> [Data for processing]
§

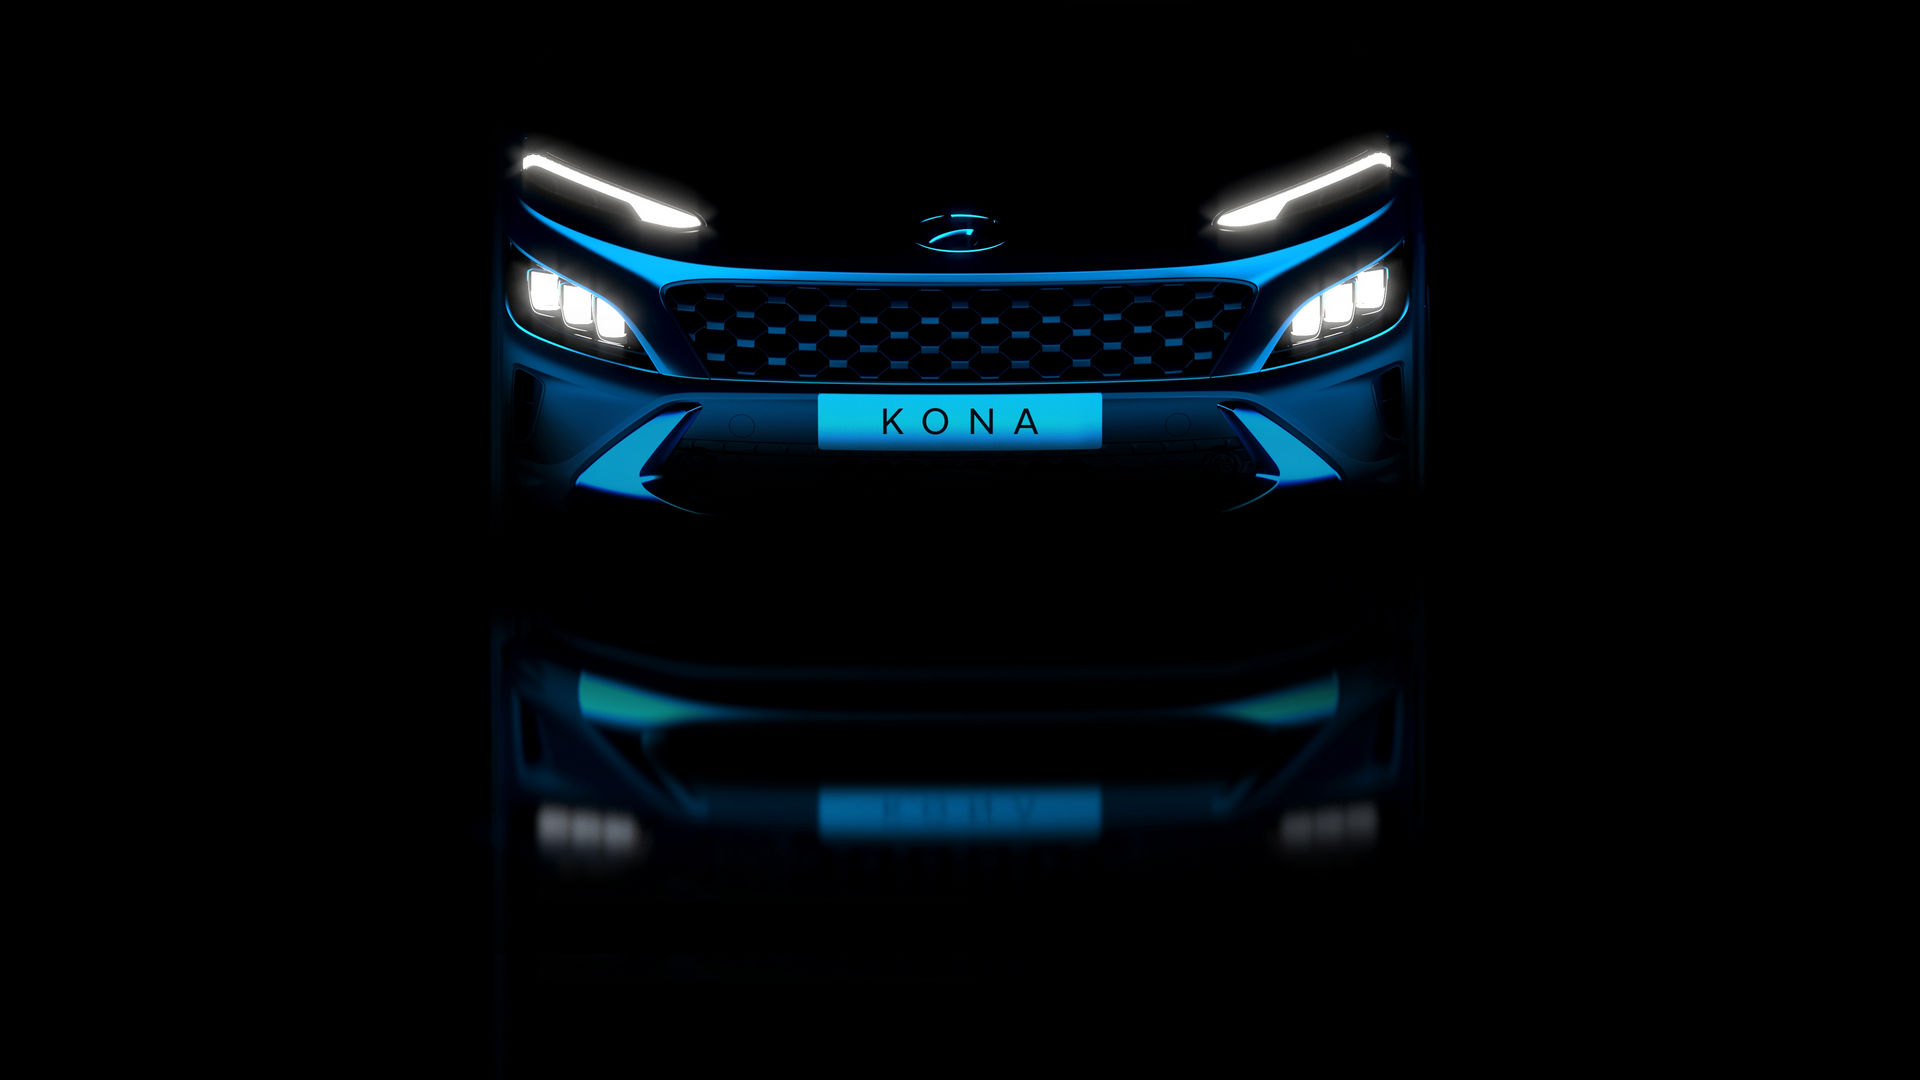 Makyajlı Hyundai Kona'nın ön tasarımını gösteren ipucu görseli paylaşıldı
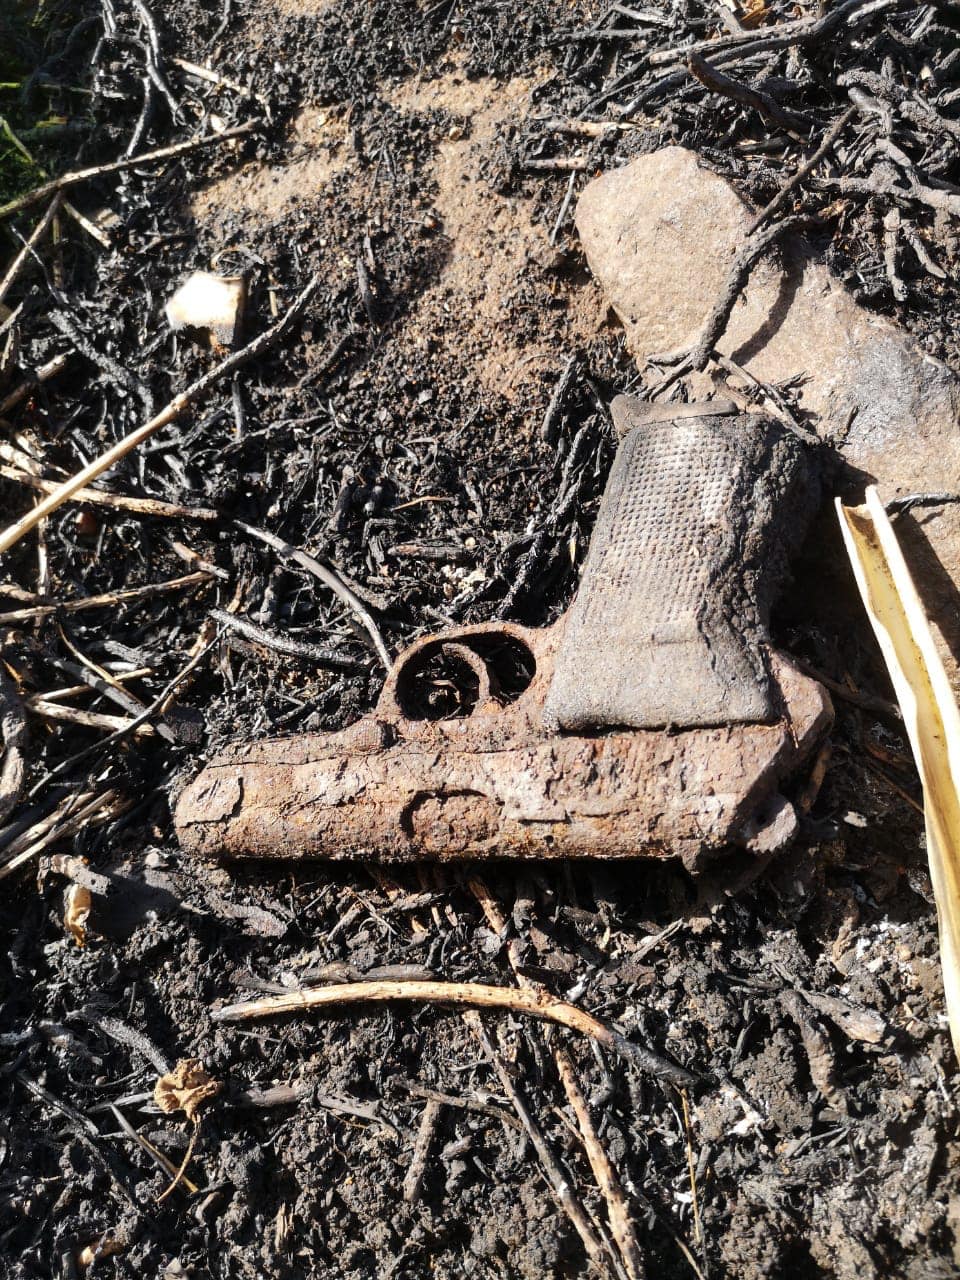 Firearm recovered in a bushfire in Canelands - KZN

§

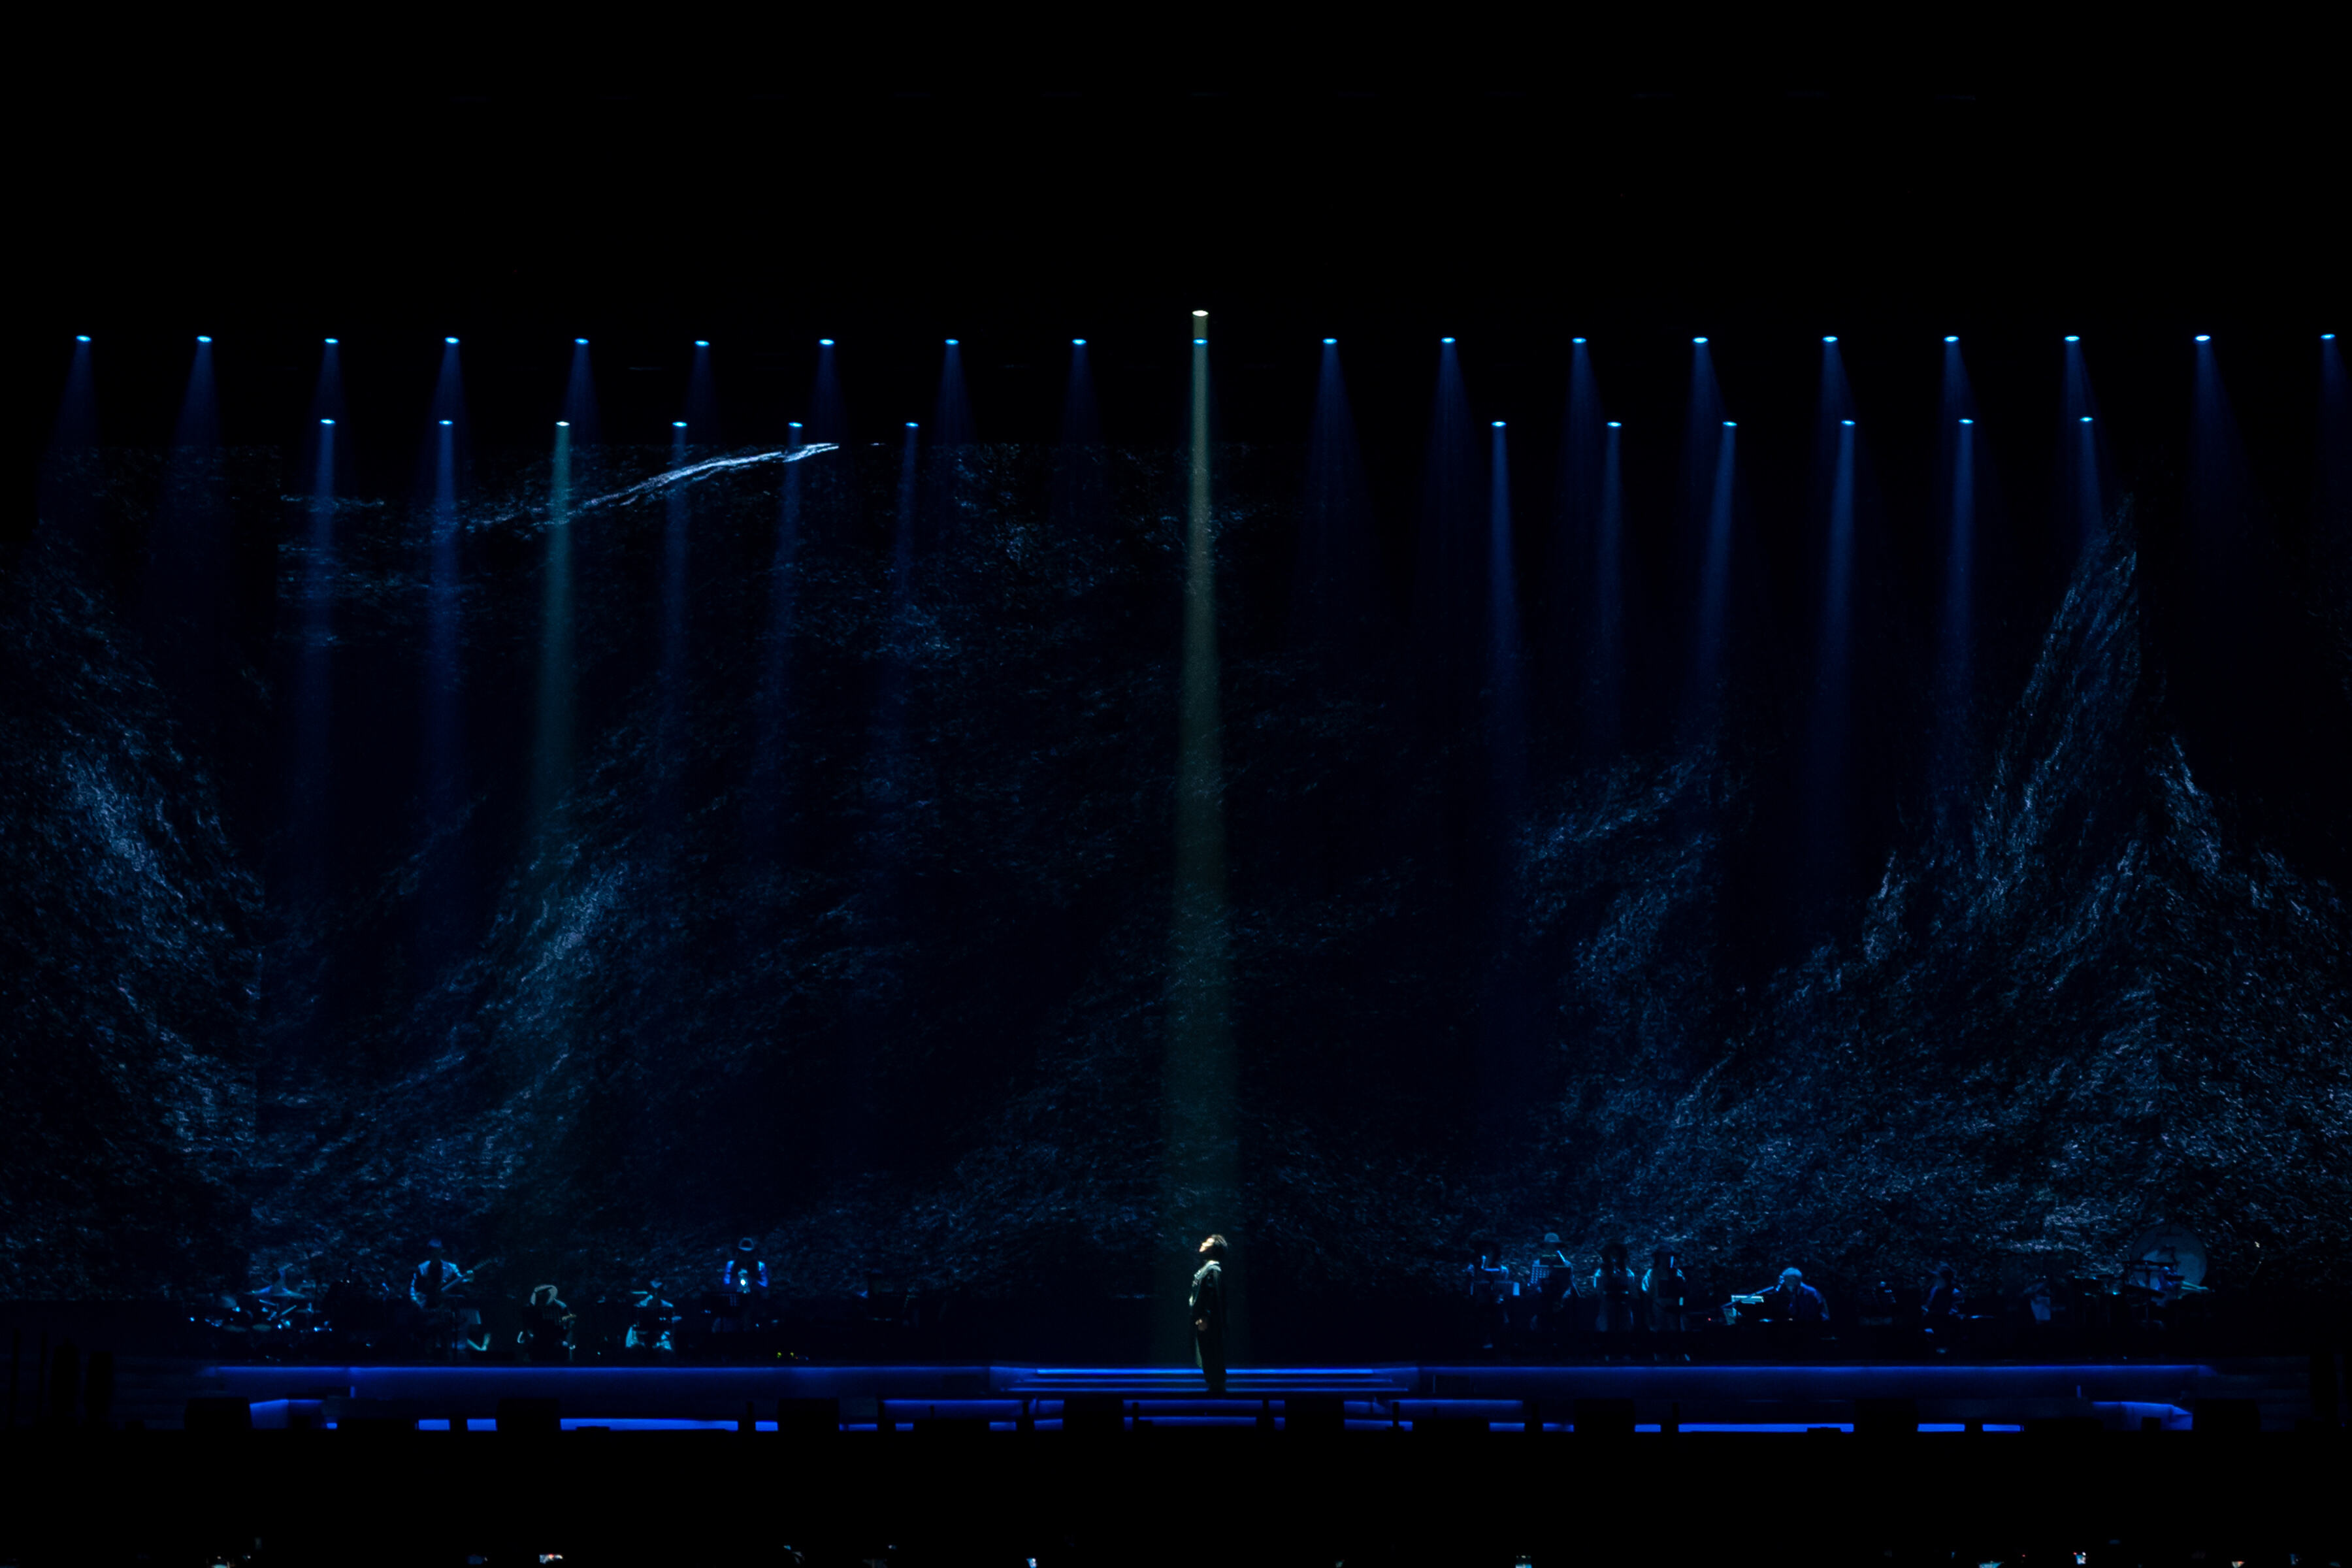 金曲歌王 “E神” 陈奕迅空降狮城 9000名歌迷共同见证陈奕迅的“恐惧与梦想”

§

> [Work to complete]
In the records above, everything from the line with "Makyajlı Hyundai Kona'nın" down to the line with "Firearm recovered in" must be duplicated exactly, both lines kept. Leave no pictures in.

> [Response to this task]
 Makyajlı Hyundai Kona'nın ön tasarımını gösteren ipucu görseli paylaşıldı
 Firearm recovered in a bushfire in Canelands - KZN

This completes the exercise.